Token Burn

What is a Token Burn?

Token burn is a process in which a certain number of tokens are permanently removed from circulation in order to decrease the supply, and in turn, increase the value of the remaining tokens. This process can be instigated by the issuer of the tokens, or by the members of the community, depending on the particular project.
The primary purpose of a token burn is to increase the underlying value of the token. By removing tokens from circulation, the remaining tokens become more valuable. This can be done to incentivize holders, boost token prices, and increase the overall demand for the token.
Token burns are often scheduled in phases, with a certain number of tokens being removed from circulation at set periods. This allows the market to adjust to the changes in price and supply, and prevents shockwaves in the market.
The burning process itself is usually automated by the smart contracts running on the blockchain, so the process is systematic and secure. The transactions are visible to the public and can be checked on the blockchain.
Token burns also have the added benefit of distributing the tokens more fairly. By removing tokens from circulation, the holder distribution is not as concentrated, making the tokens more decentralized. This helps ensure that the tokens are more secure and stable, as the holders are spread out and less likely to be affected by any negative external events.
At the same time, token burns can also be used to return funds to early investors and founders, creating a more equitable and fair system. This can be done by creating a vesting period for the tokens, with a certain percentage of the tokens being burned after a predefined period of time.
Token burns are becoming increasingly popular within the crypto industry, as they provide an effective and secure way to increase the value of tokens and create a more equitable system. In addition, they also provide an extra layer of security as the tokens are semipermanently removed from circulation.

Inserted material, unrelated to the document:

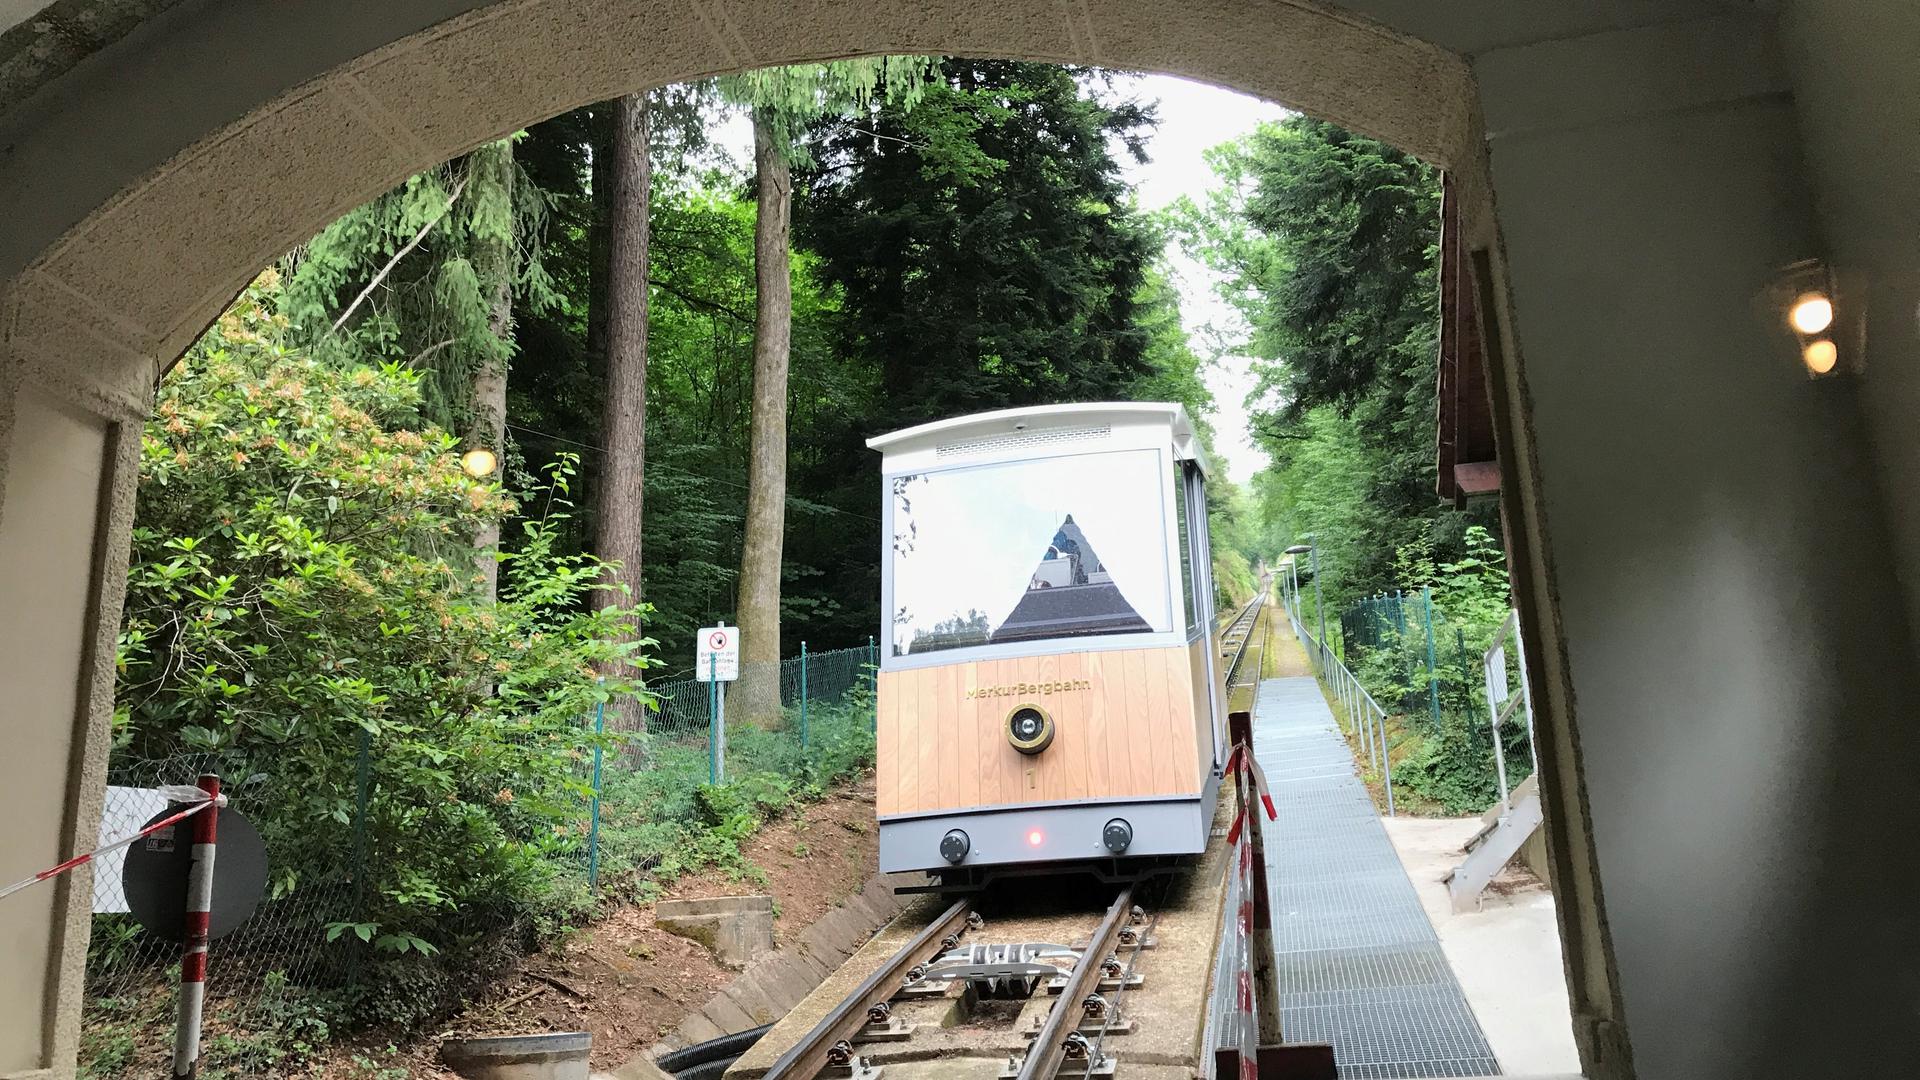 Ein Wagen der Merkurbergbahn fährt in die Talstation.

Popular Examples of a Token Burn

Binance Coin (BNB) Burn: Binance, one of the largest cryptocurrency exchanges, conducts periodic burns of its native token, Binance Coin (BNB). The exchange uses 20% of its profits to buy back and "burn" BNB tokens, effectively reducing the total supply of tokens in circulation.
TRON (TRX) Burn: TRON, a decentralized blockchain-based platform that focuses on content sharing, also conducts periodic token burns. TRON's protocol automatically burns a small amount of TRX every time a user creates a new account or transfers TRX to another user.
Basic Attention Token (BAT) Burn: The Basic Attention Token (BAT) is a cryptocurrency used in the Brave browser ecosystem. BAT is designed to reward users for viewing online ads and content. When a user views an ad, they receive BAT tokens, and when a publisher receives BAT tokens, they can use them to advertise on the Brave platform. Periodic token burns are used to decrease the total supply of BAT tokens in circulation and maintain their value.

Simplified Example

Imagine you have a large pile of paper coupons that represent your tokens in a cryptocurrency. A token burn is like taking some of those coupons and lighting them on fire, making them permanently unusable and reducing the total supply of tokens. This process can have a positive impact on the value of the remaining tokens, just like if a store was offering a limited number of coupons and burned some of them, it would increase the scarcity and value of the remaining coupons.